I’ve been celebrating Christmas twice, once with my mom and once with my dad, for several years now, and while my holidays have been different from my friends’, they’ve also been pretty great. There are some things that I’ve missed out on, but I’ve also gotten to do a lot of things that most people don’t. There are some obvious downsides, such as the fact that I don’t get to have my whole family together for the holiday. However, there are also obvious upsides, such as the fact that I get to celebrate multiple times. There are other things, though, that also have to be considered.
Scheduling time around the holidays is difficult for all families, but it’s especially challenging if both of your parents want to spend a lot of time with you. Since my parents divorced, my siblings and I have been celebrating with my dad on Christmas eve and with my mom on Christmas day. This is a great compromise because it means that we get ample time with both of them to partake in all of the festivities. It does pose an issue, though, when one parent feels that their time has been cut into by the other one. Over the years, I’ve had to learn to balance time with both of them, so that neither feels cheated.

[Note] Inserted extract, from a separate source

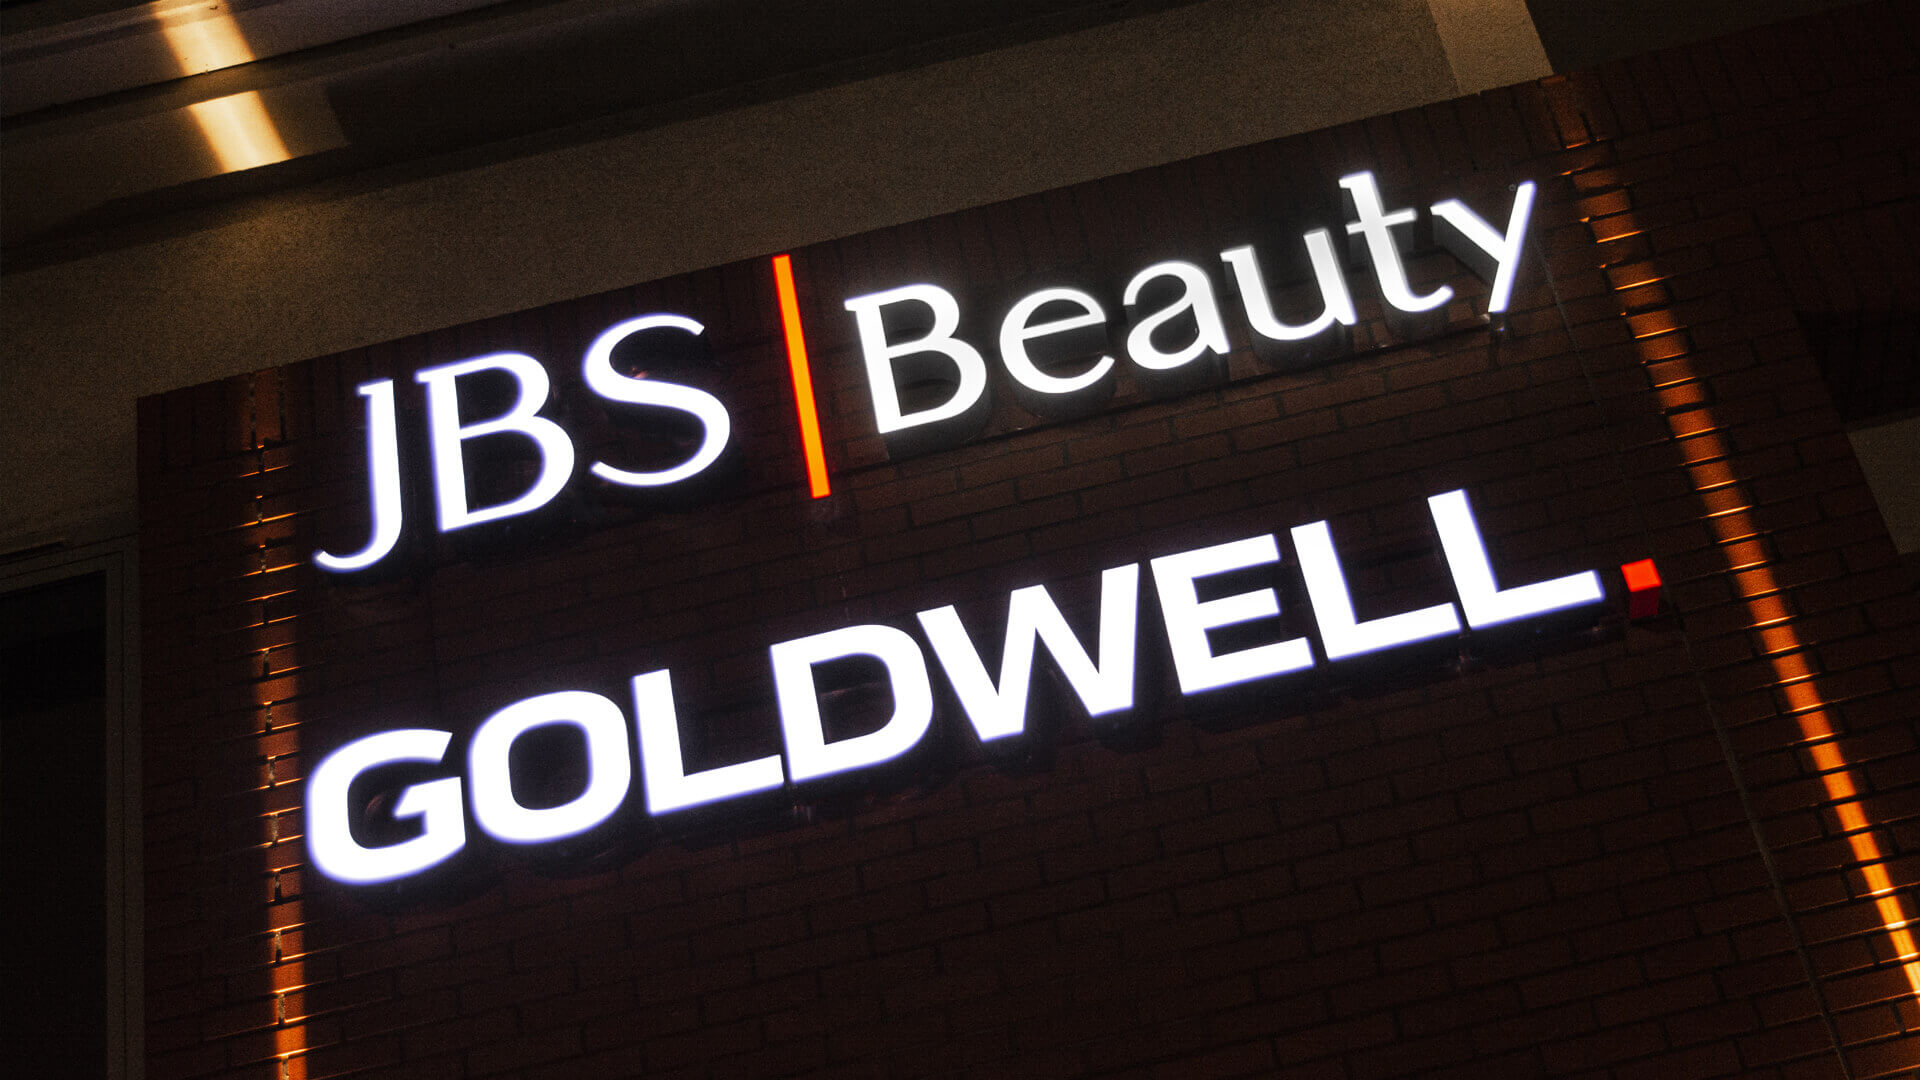 Goldwell  - jbs-goldwell-bauty-letter-colour-illuminée-enseignes-lettres-sur-le-mur-du-bâtiment-enseignes-lettres-sur-la-hauteur-du-belgique-enseignes-lettres-sur-le-bâtiment-bureau-gdansk-letnica (11)

One upside to having one or both of your parents find a new significant other is that you sort of get to be a part of another family. This is is especially fun around the holidays because it means that you get to be around even more people and share with them the happiness that the season brings. It does usually add an additional celebration that you have to fit in, but it also allows you a chance to spread Christmas cheer further than your immediate family.
A challenge faced by divorced couples with children is how to handle their Christmas gifts, specifically what each parent is going to get for the children. This can result in different arguments depending upon the people, but regardless of what the fighting is about, the kids can tell. It makes them uncomfortable with the holidays, and can put a strain on how much they enjoy the Christmas season. Fortunately for me, my parents loved my siblings and I enough to make sure that we were never present for these discussions, instead solving such issues without letting us know anything was going on. Because of their care in doing so, we were able to enjoy everything Christmas had to offer, without any worry about whether our parents were having difficulty with it.
Things are even more complicated for me because I have a younger half-sister with whom I don’t always live. That makes it harder for us to enjoy all parts of the season together, but we manage by being extra Christmas-y together and having a ton of spirit when we get to be with her.
My Christmases are far from traditional because of my family situation, but we make it work. My parents and the rest of my family ensure that we still have grand celebrations, and we have so much holiday spirit that nothing can get rid of the magic of this season. It’s a little more difficult for us than some others to plan our holidays and prepare for them, but we always figure it out, and because I’m surrounded by so many loving people, my Christmases are, in my opinion, more amazing than anyone else that I know.